Supplied material:
=== Begin Enclosure ===

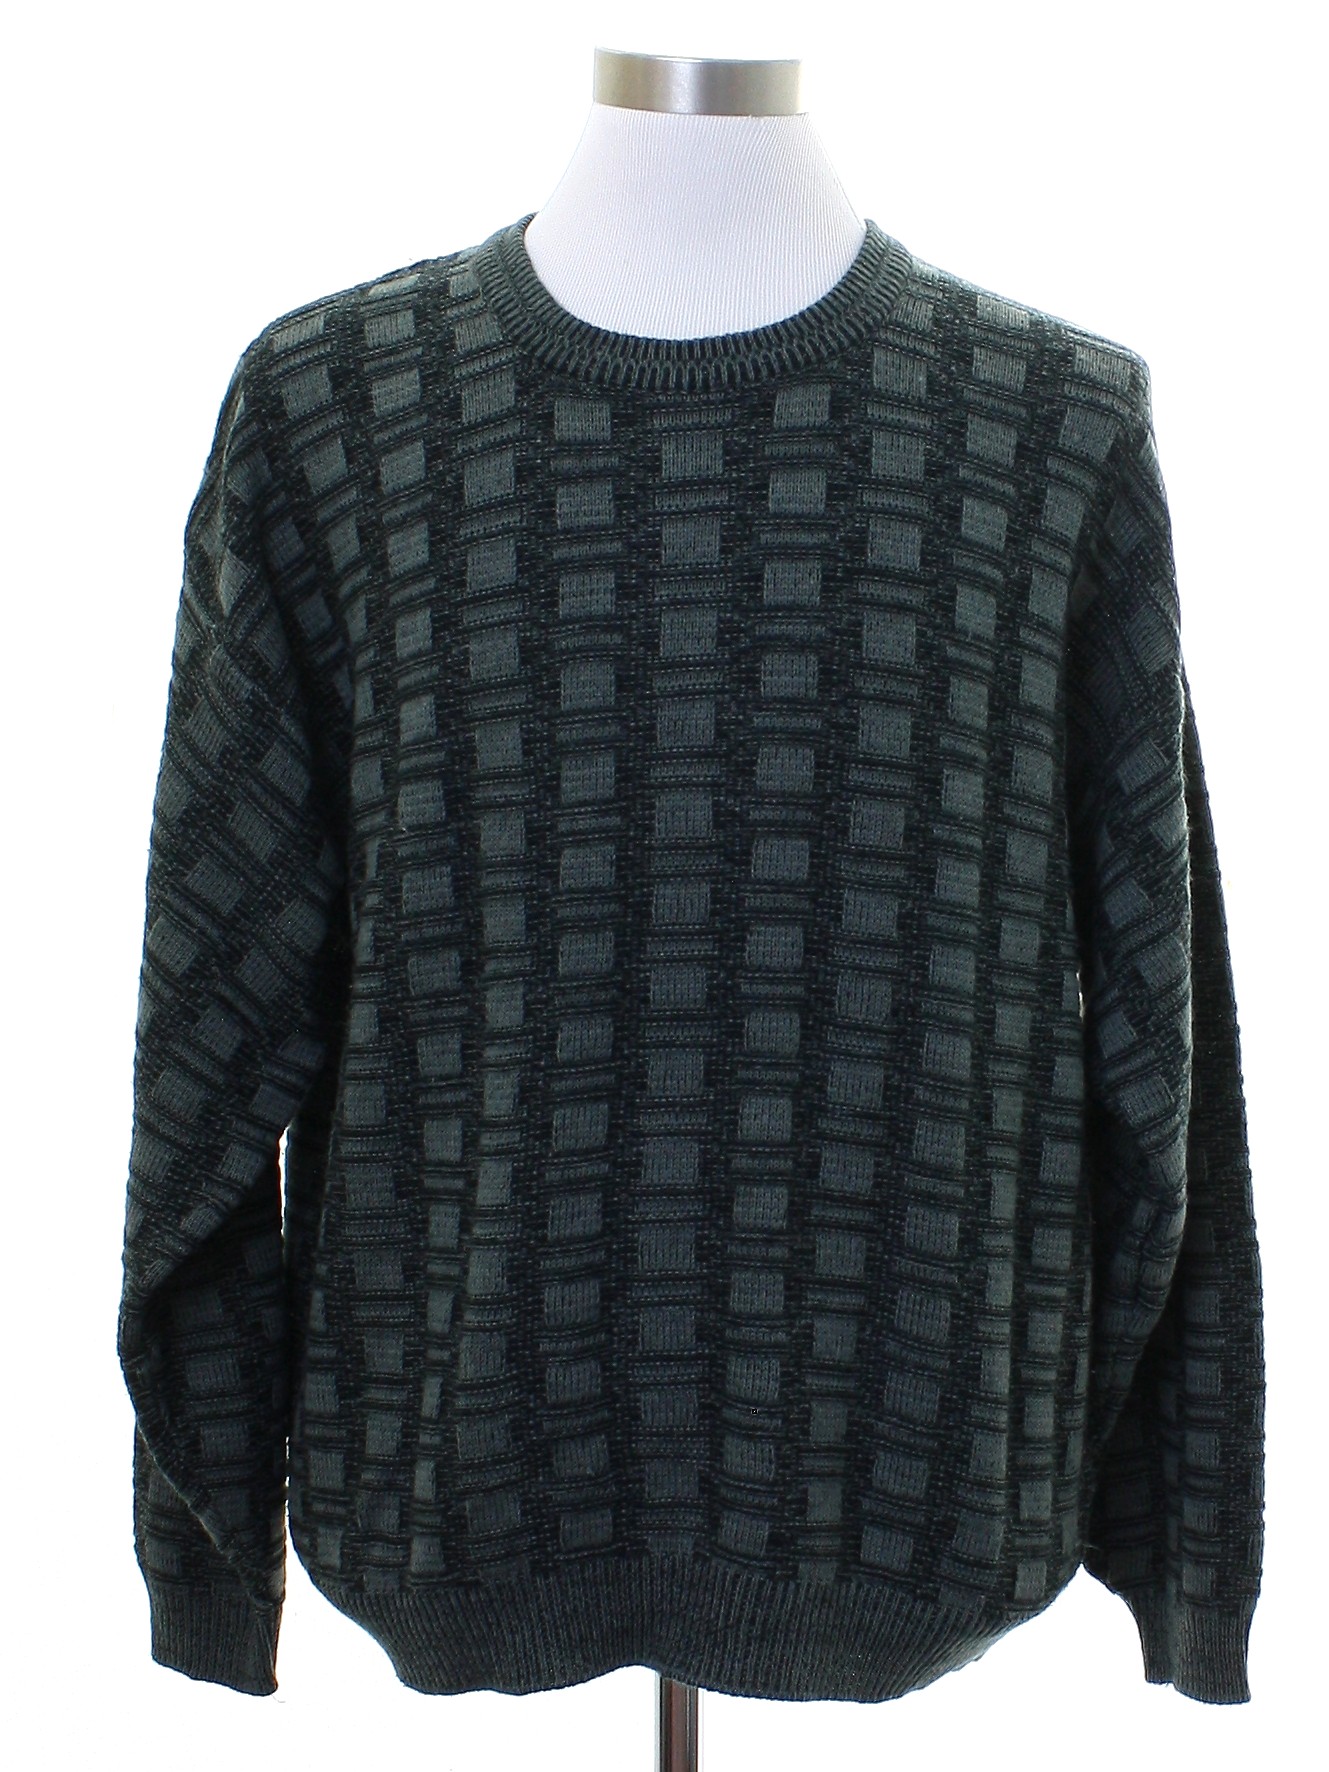 1980s Vintage Sweater: 80s -Expressions- Mens smoky gray background ...
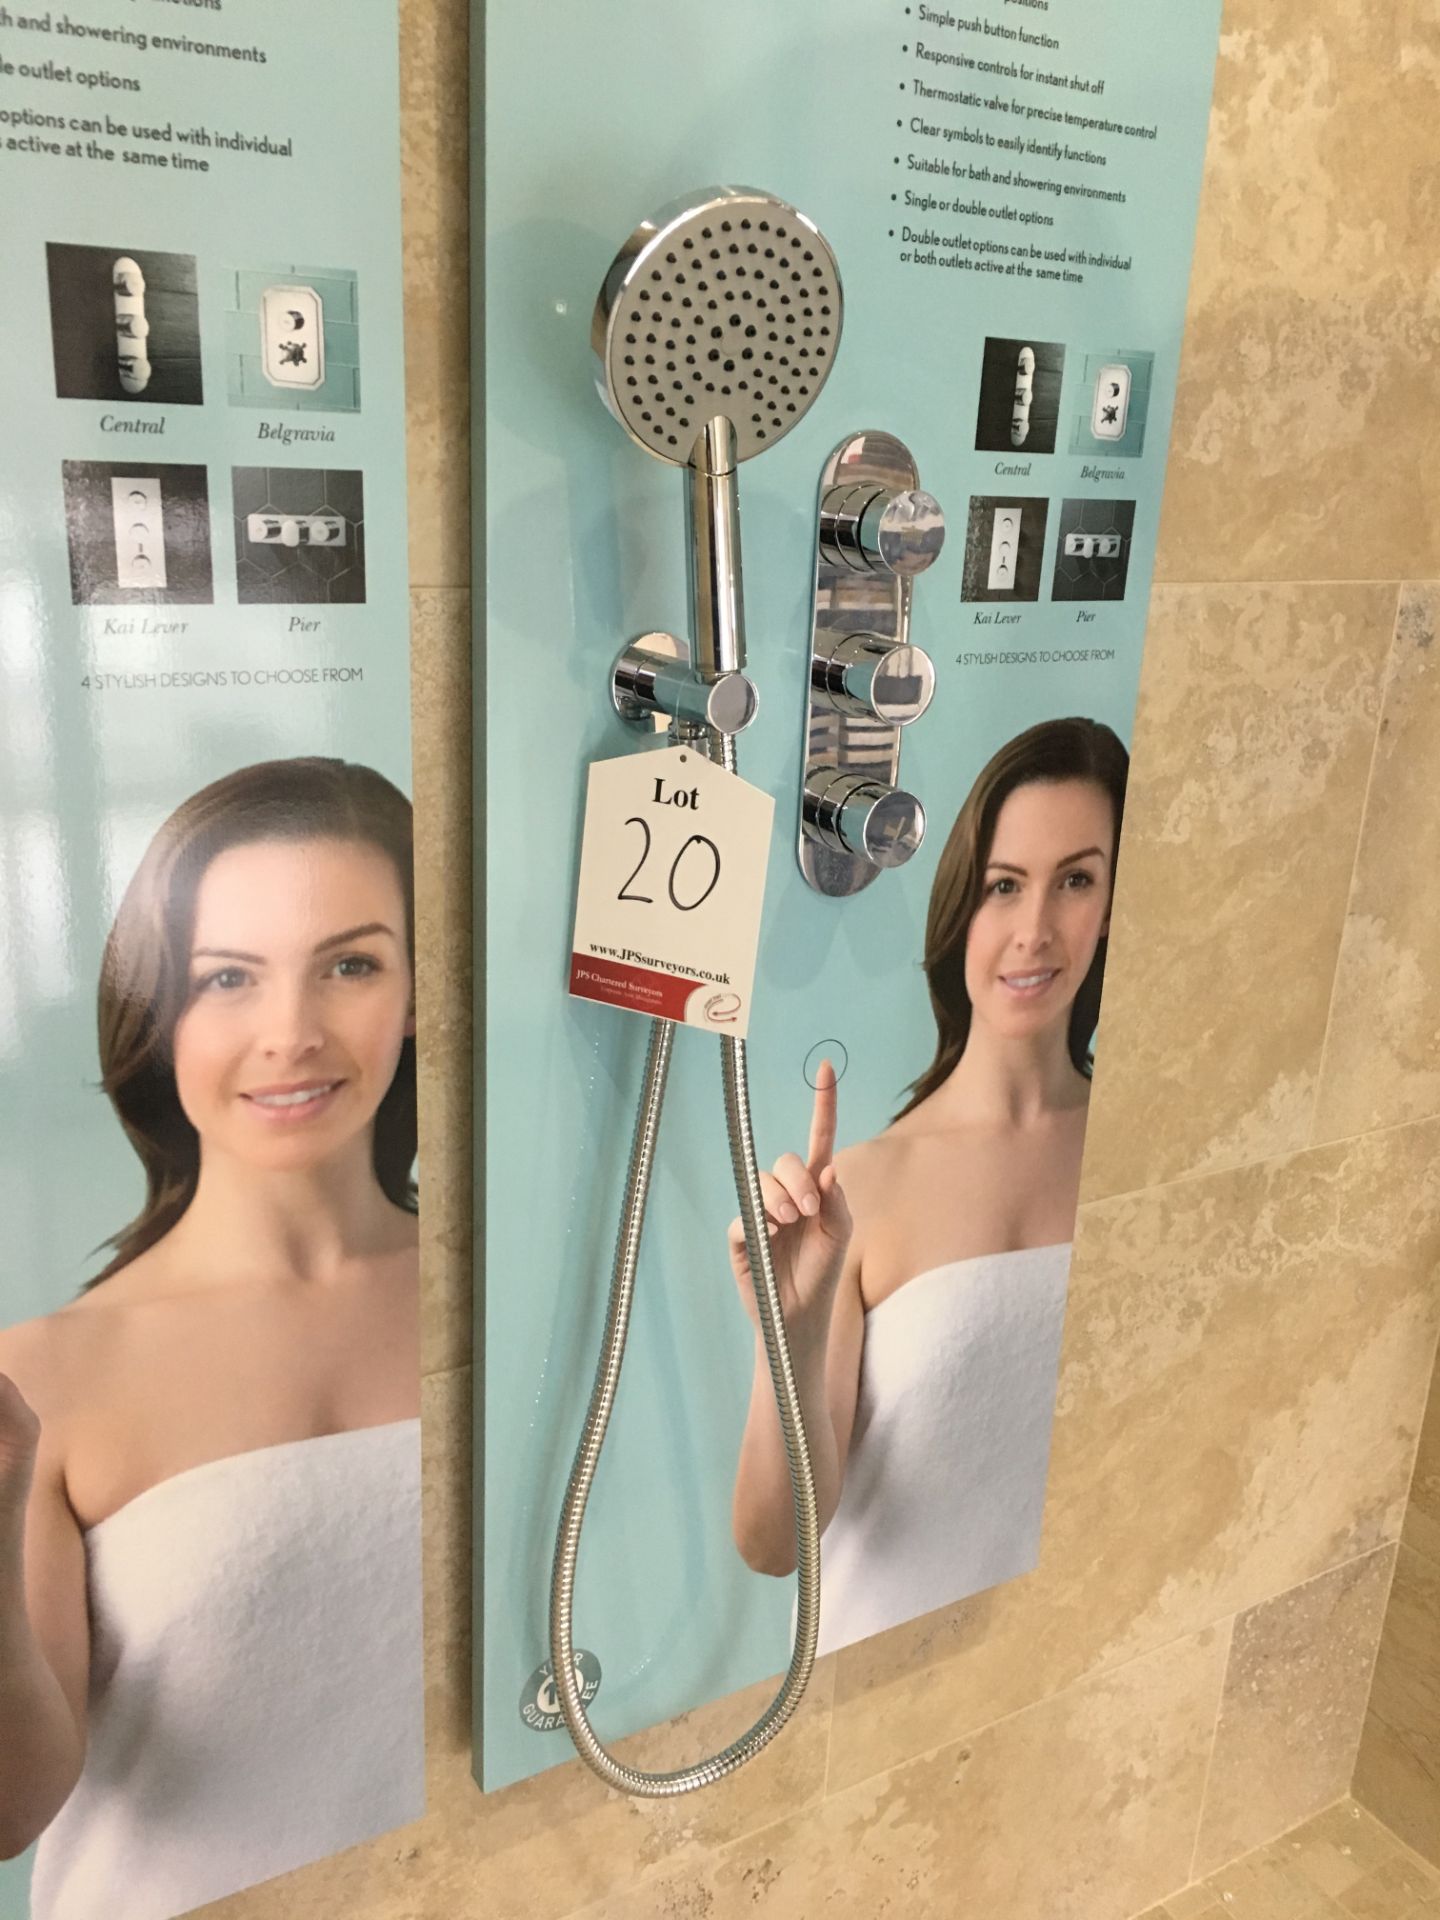 3 x Crosswater dial shower displays (2x central, 1 x pier)
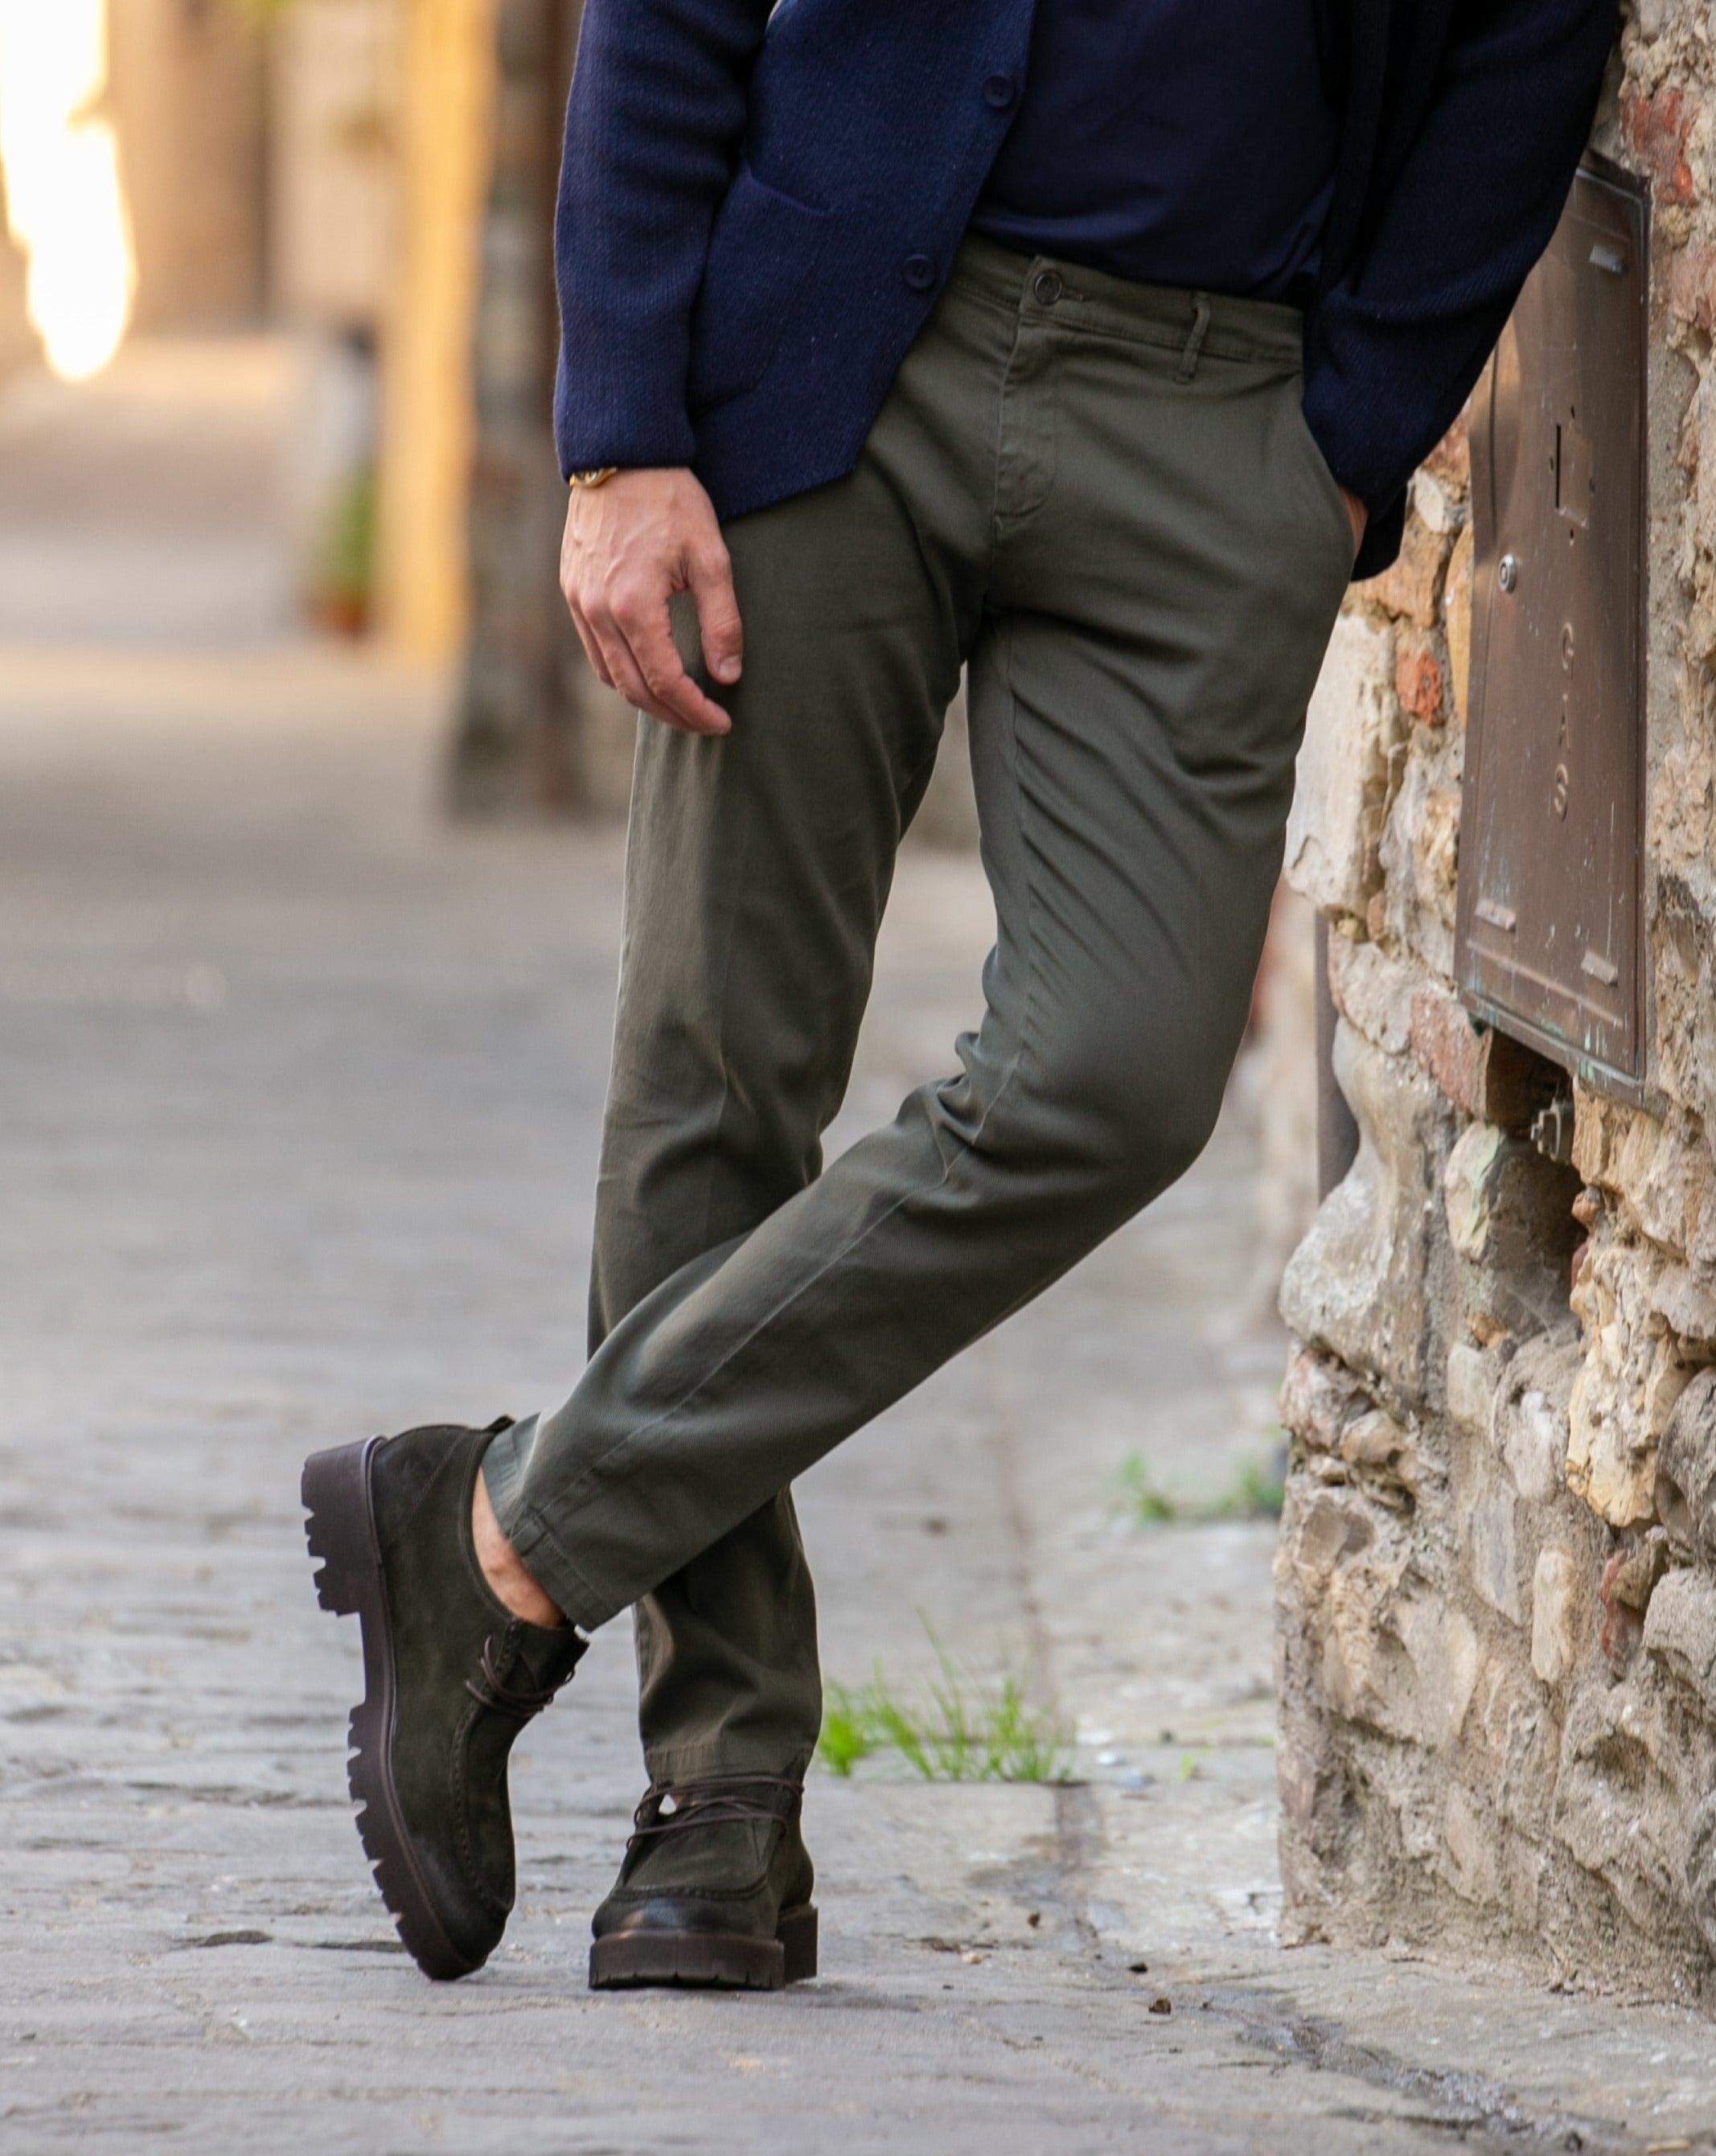 Jack - military armored trousers

=== End Enclosure ===

Your objective: Return the listing above in full and exactly, omitting all pictures.

Written response:
 1980s Vintage Sweater: 80s -Expressions- Mens smoky gray background ...
 3 x Crosswater dial shower displays (2x central, 1 x pier)
 Jack - military armored trousers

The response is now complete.